Assigned task: Copy verbatim the span of lines beginning at the line that contains "SOUP CLUB COOKBOOK, THE" and ending with the final line of the data. Exclude pictures from the copy.

Data section:
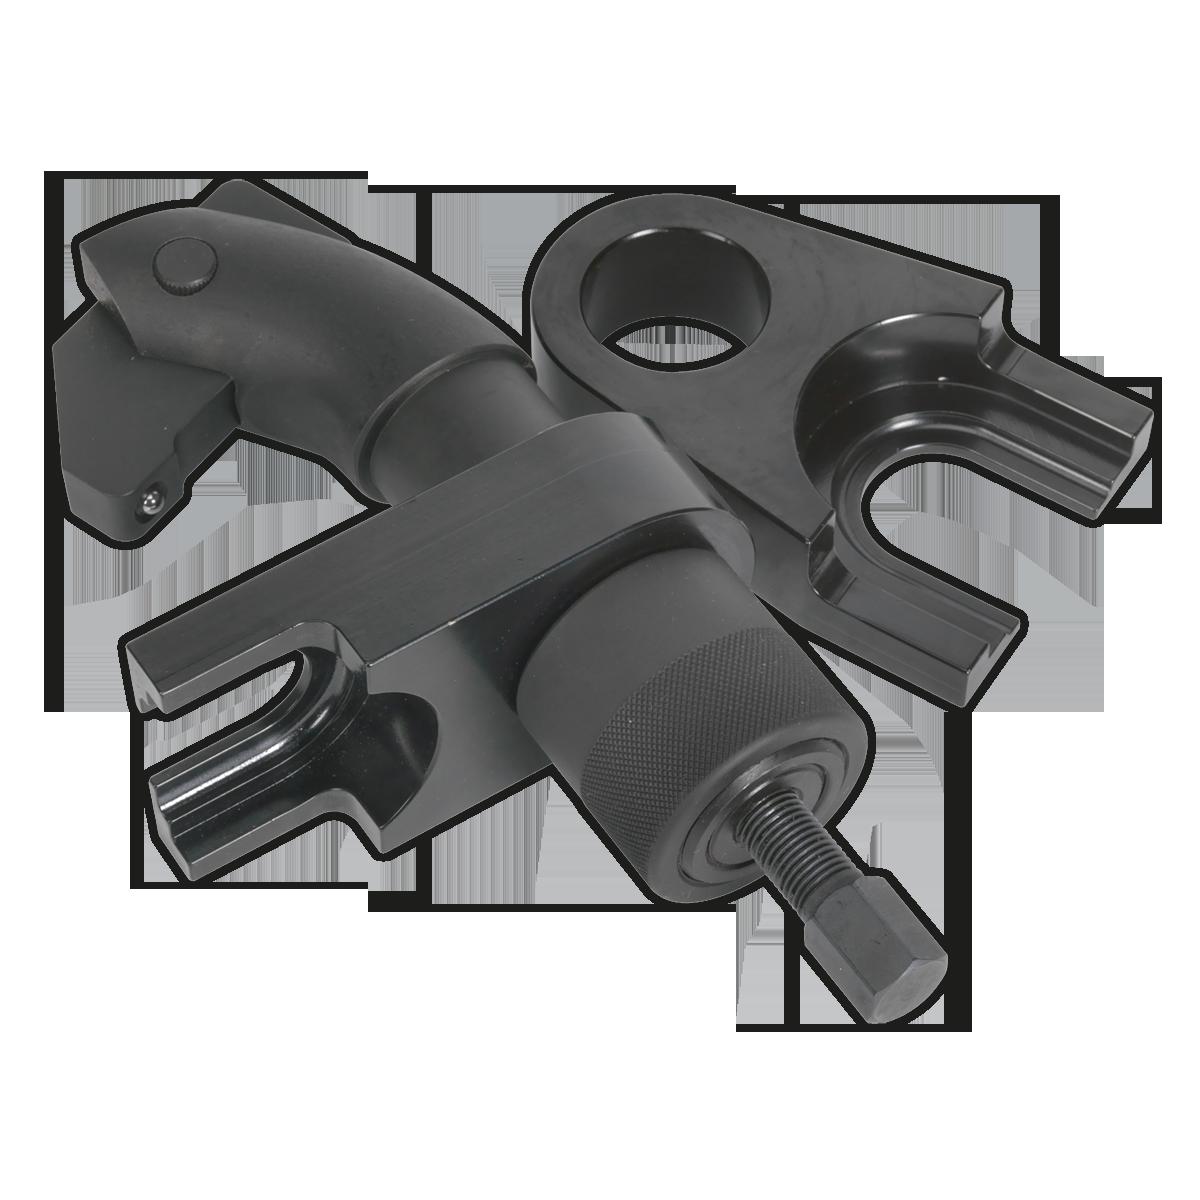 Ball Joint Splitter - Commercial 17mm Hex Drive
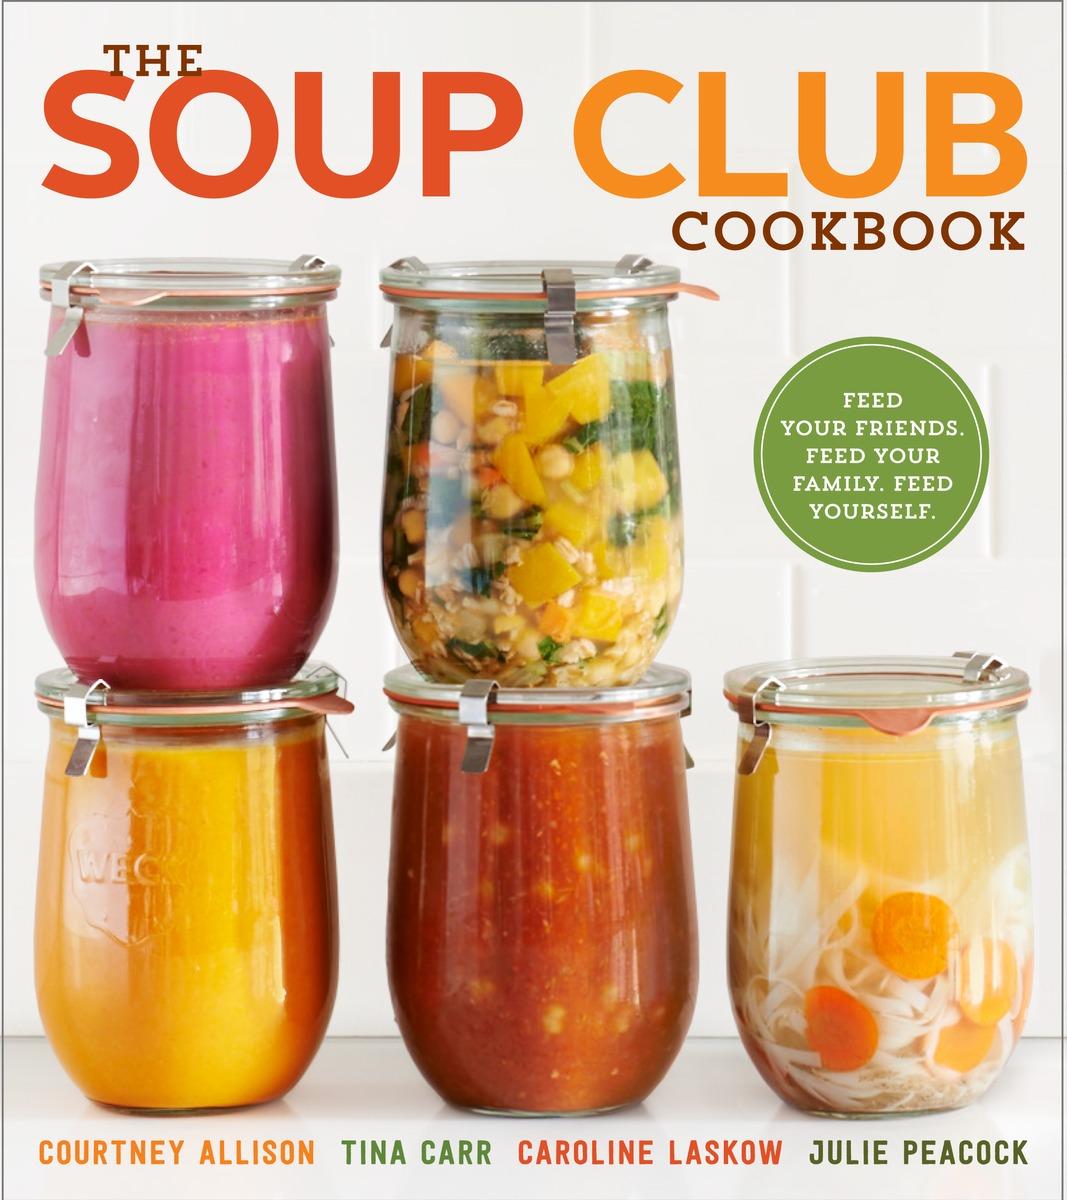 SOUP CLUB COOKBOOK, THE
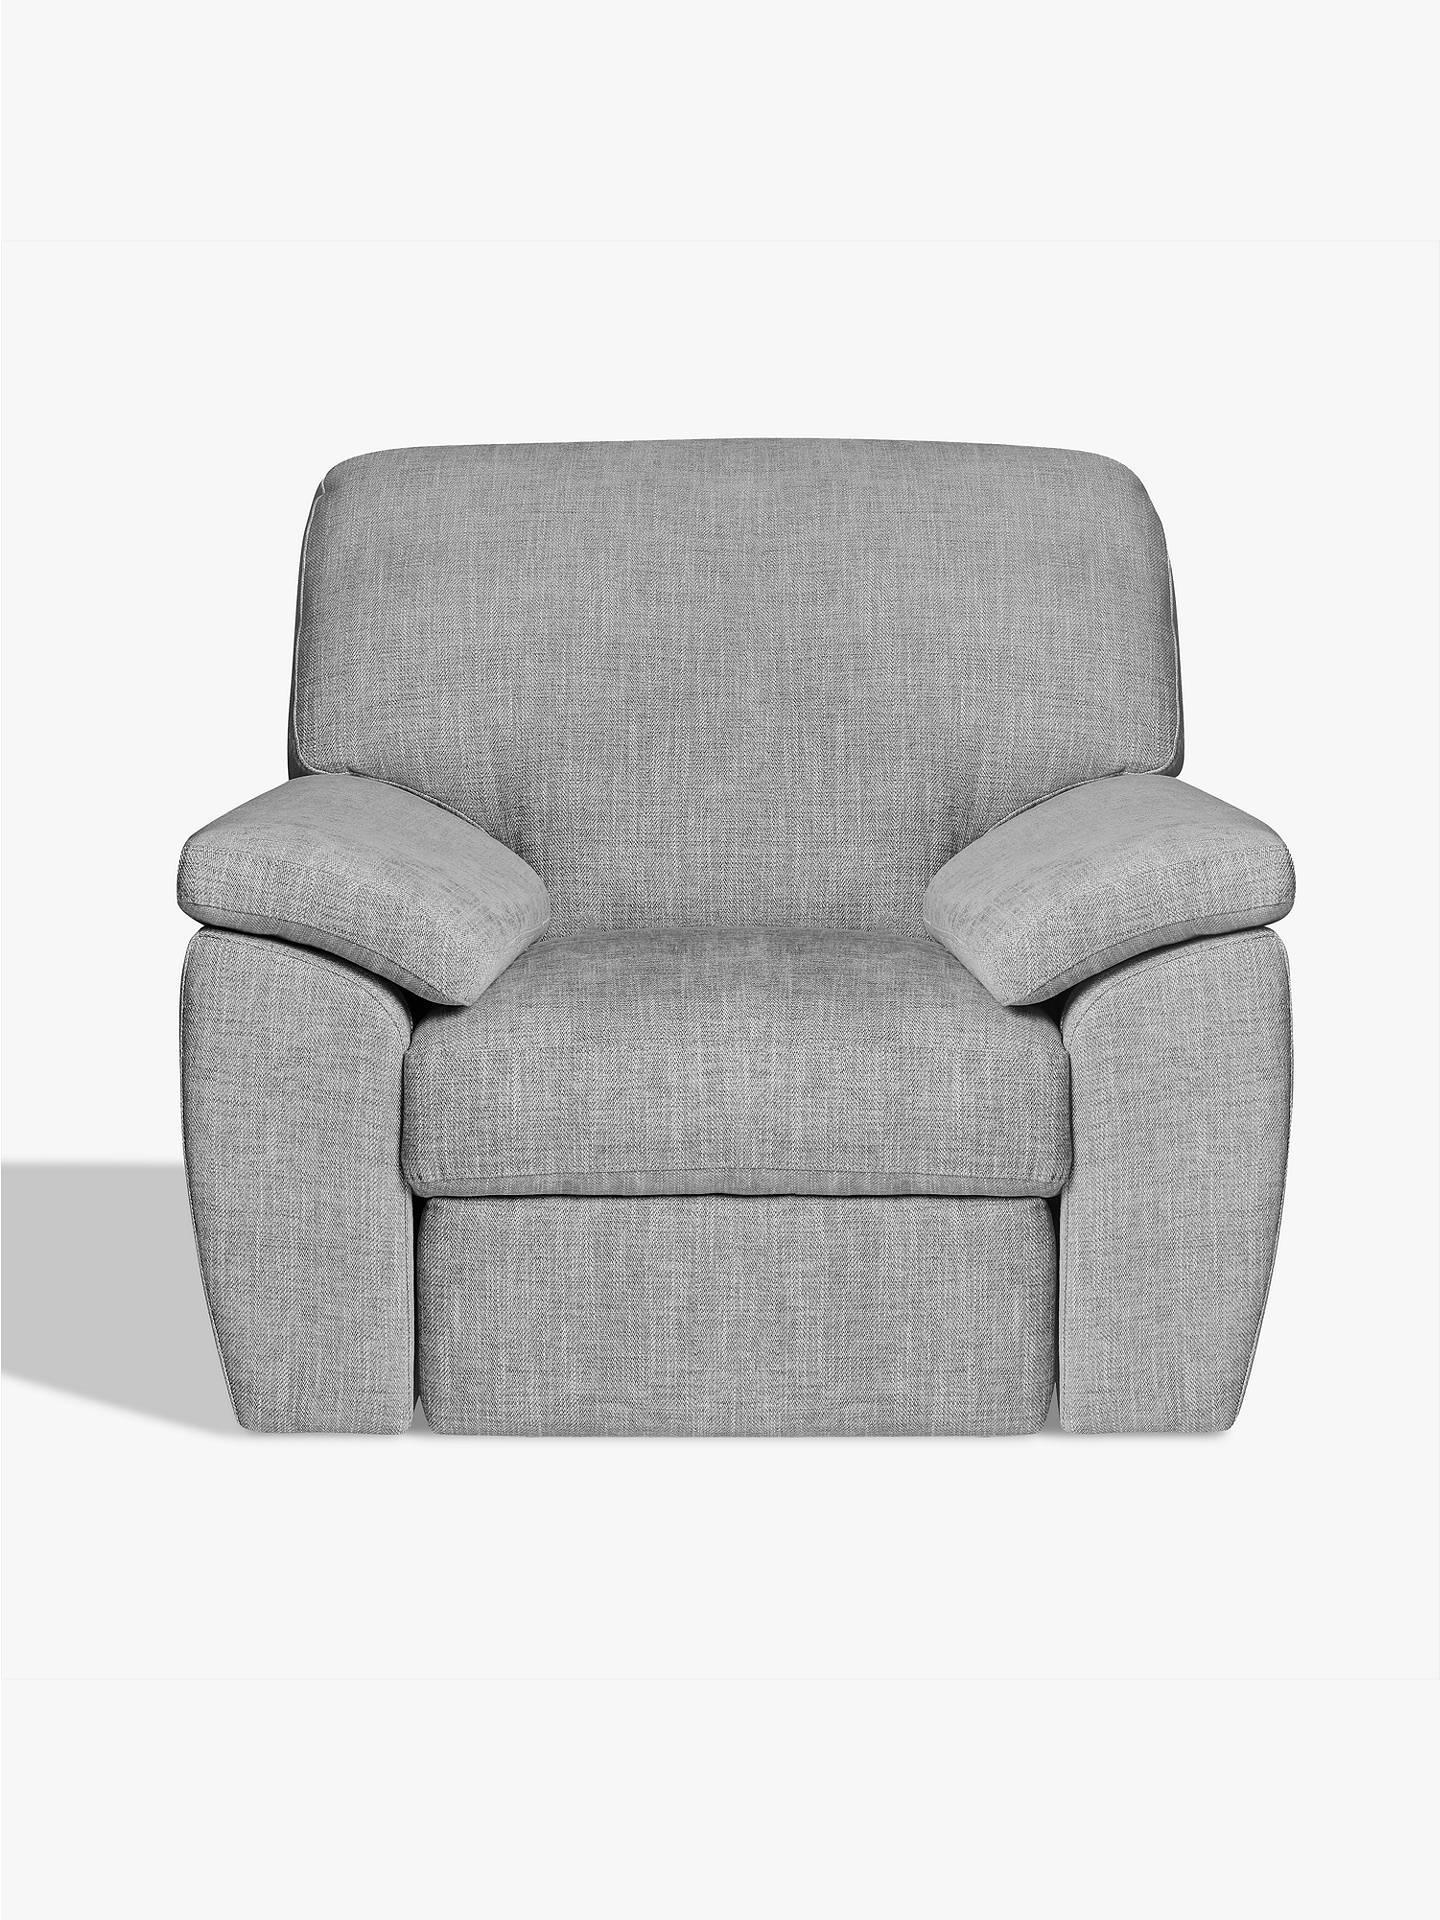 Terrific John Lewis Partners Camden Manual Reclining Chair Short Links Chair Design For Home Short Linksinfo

Your response:
 SOUP CLUB COOKBOOK, THE
 Terrific John Lewis Partners Camden Manual Reclining Chair Short Links Chair Design For Home Short Linksinfo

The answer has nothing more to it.